#### Required work:
Transcribe the whole listing without a single picture.

#### Dataset excerpt:
----------------

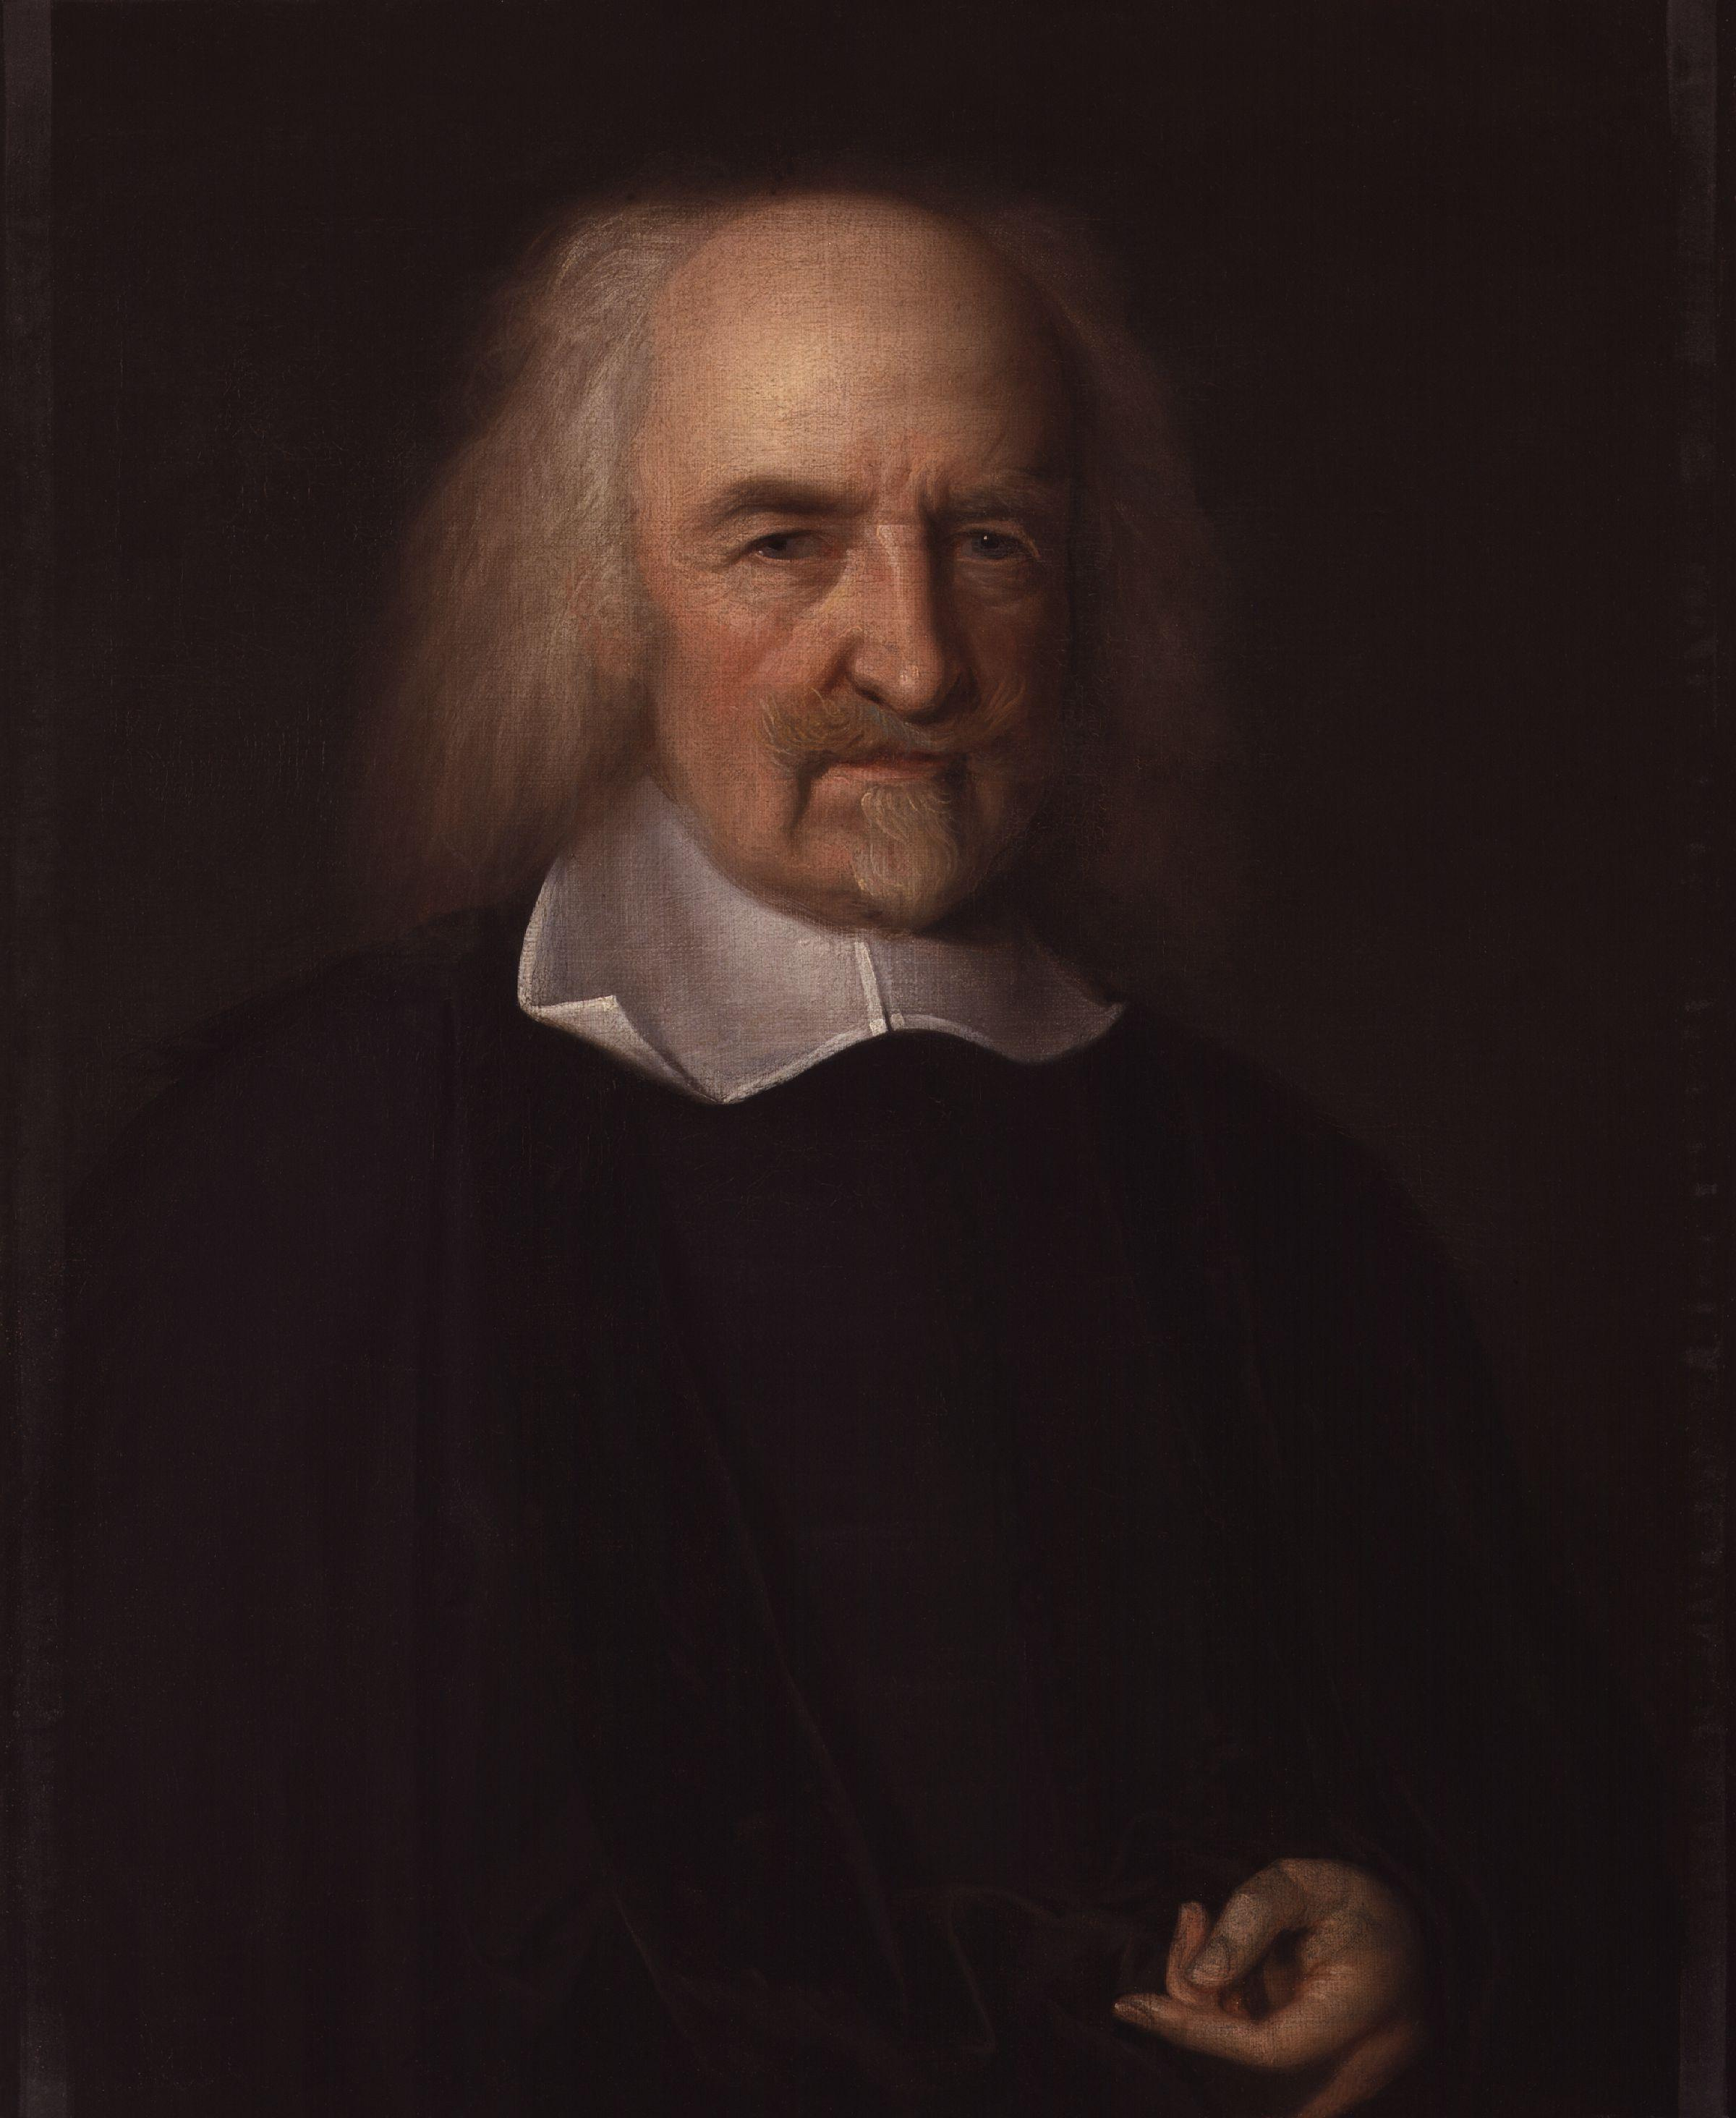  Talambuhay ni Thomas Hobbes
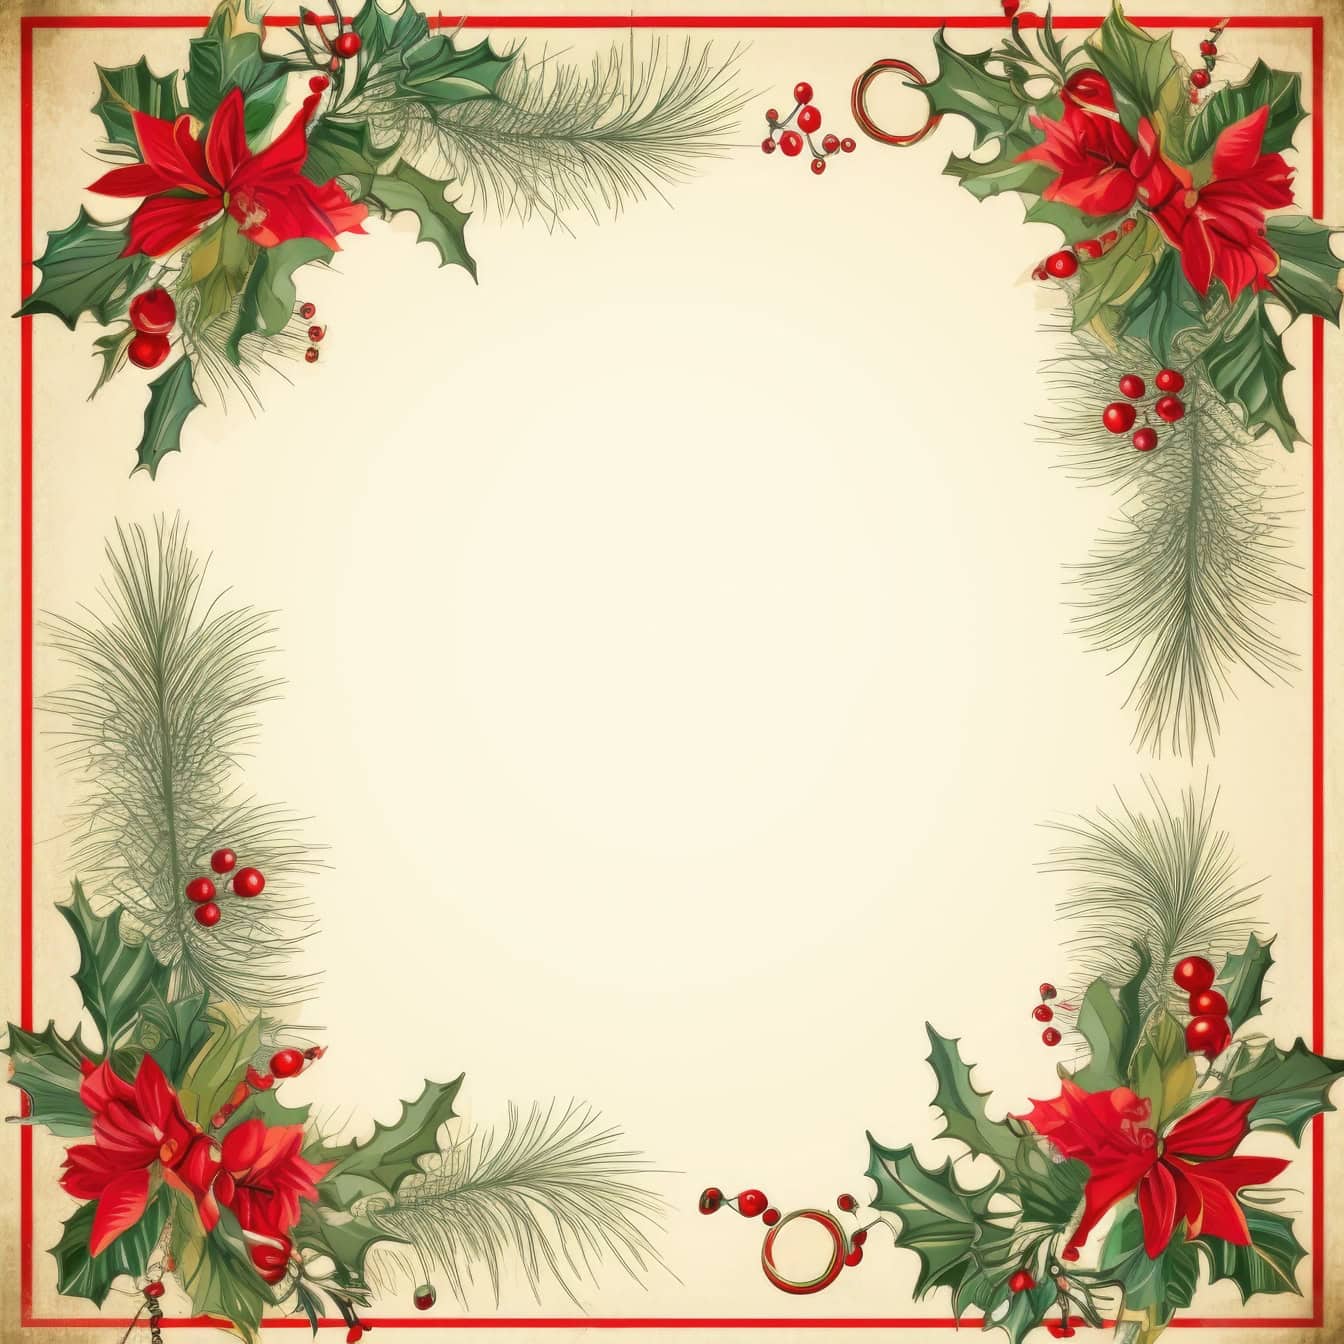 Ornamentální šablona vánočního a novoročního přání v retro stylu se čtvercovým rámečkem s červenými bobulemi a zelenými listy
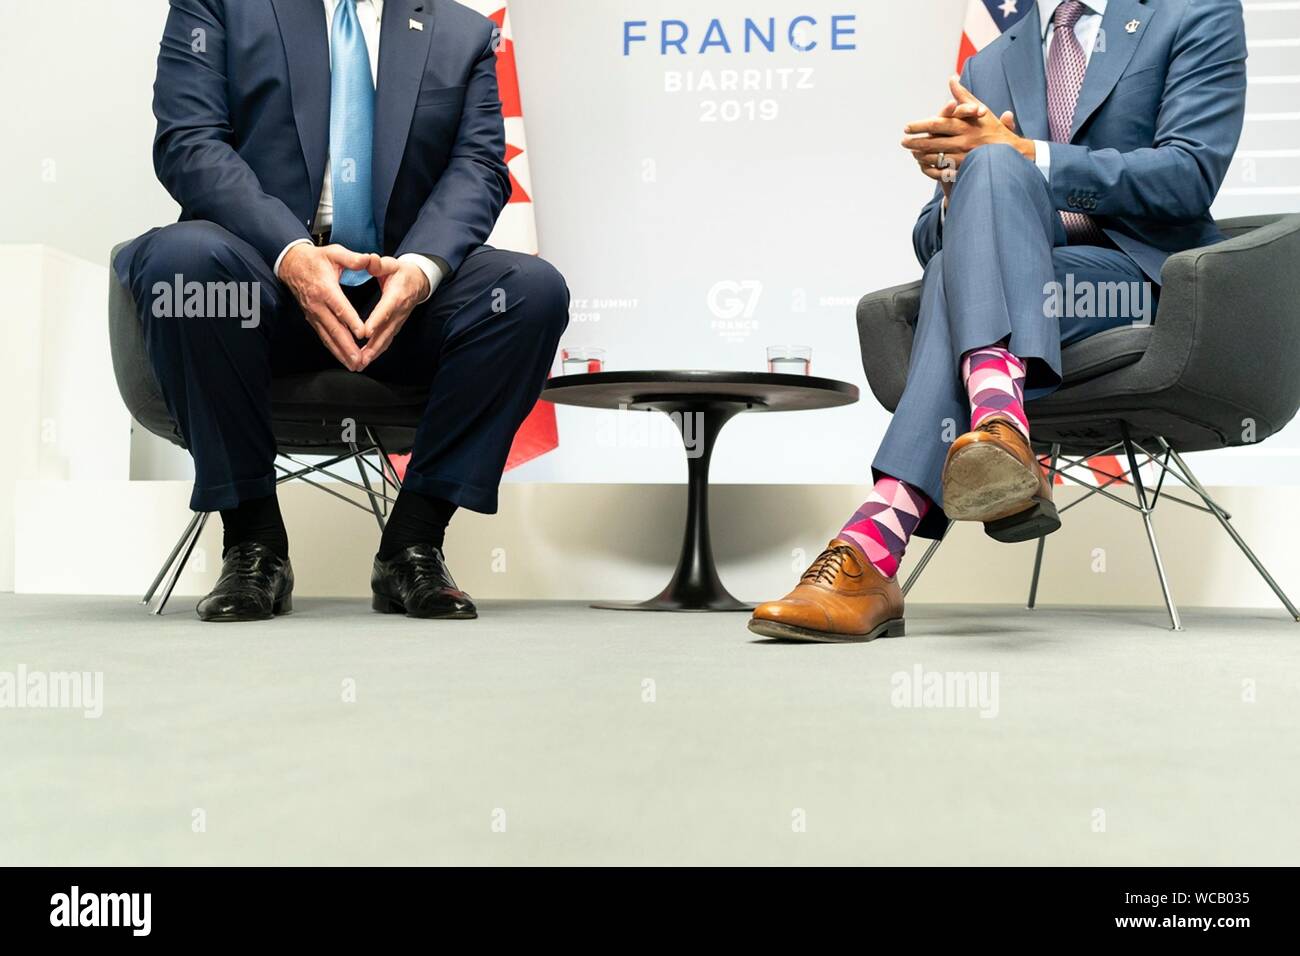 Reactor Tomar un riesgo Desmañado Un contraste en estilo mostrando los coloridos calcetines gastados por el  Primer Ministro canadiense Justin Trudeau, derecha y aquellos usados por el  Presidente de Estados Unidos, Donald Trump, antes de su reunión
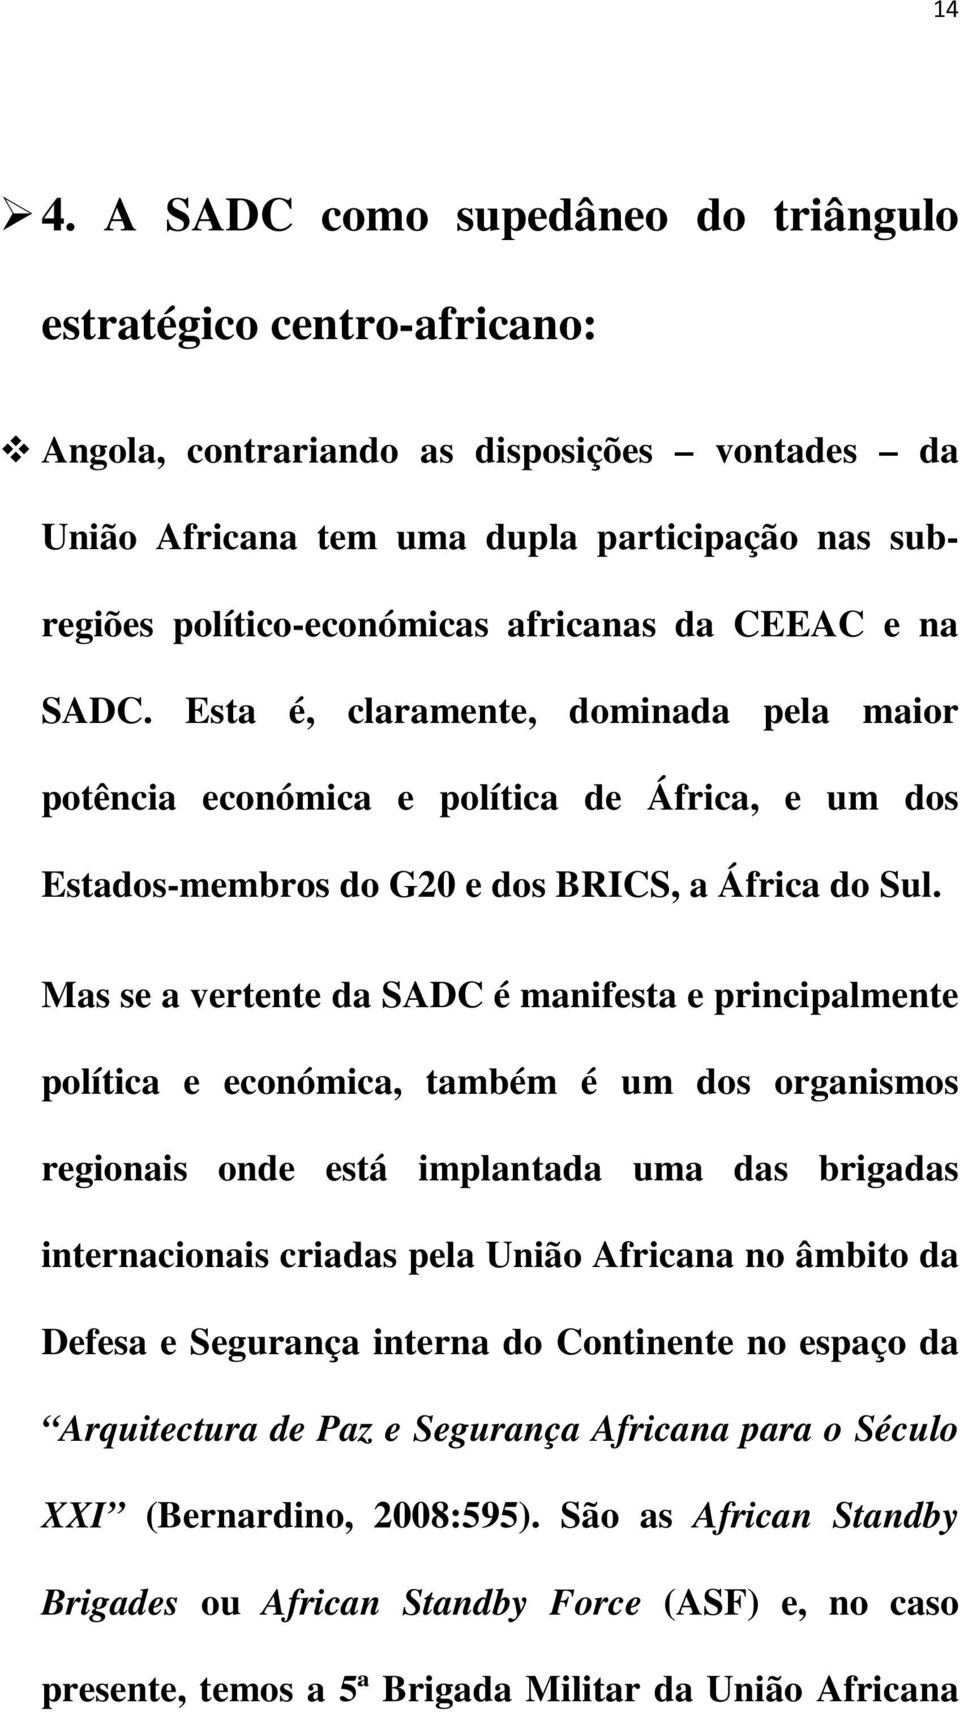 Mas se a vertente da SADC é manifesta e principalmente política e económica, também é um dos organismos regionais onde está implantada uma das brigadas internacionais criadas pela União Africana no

----------------

#### Expected output:
  Talambuhay ni Thomas Hobbes
 Ornamentální šablona vánočního a novoročního přání v retro stylu se čtvercovým rámečkem s červenými bobulemi a zelenými listy
 Reactor Tomar un riesgo Desmañado Un contraste en estilo mostrando los coloridos calcetines gastados por el  Primer Ministro canadiense Justin Trudeau, derecha y aquellos usados por el  Presidente de Estados Unidos, Donald Trump, antes de su reunión
 Mas se a vertente da SADC é manifesta e principalmente política e económica, também é um dos organismos regionais onde está implantada uma das brigadas internacionais criadas pela União Africana no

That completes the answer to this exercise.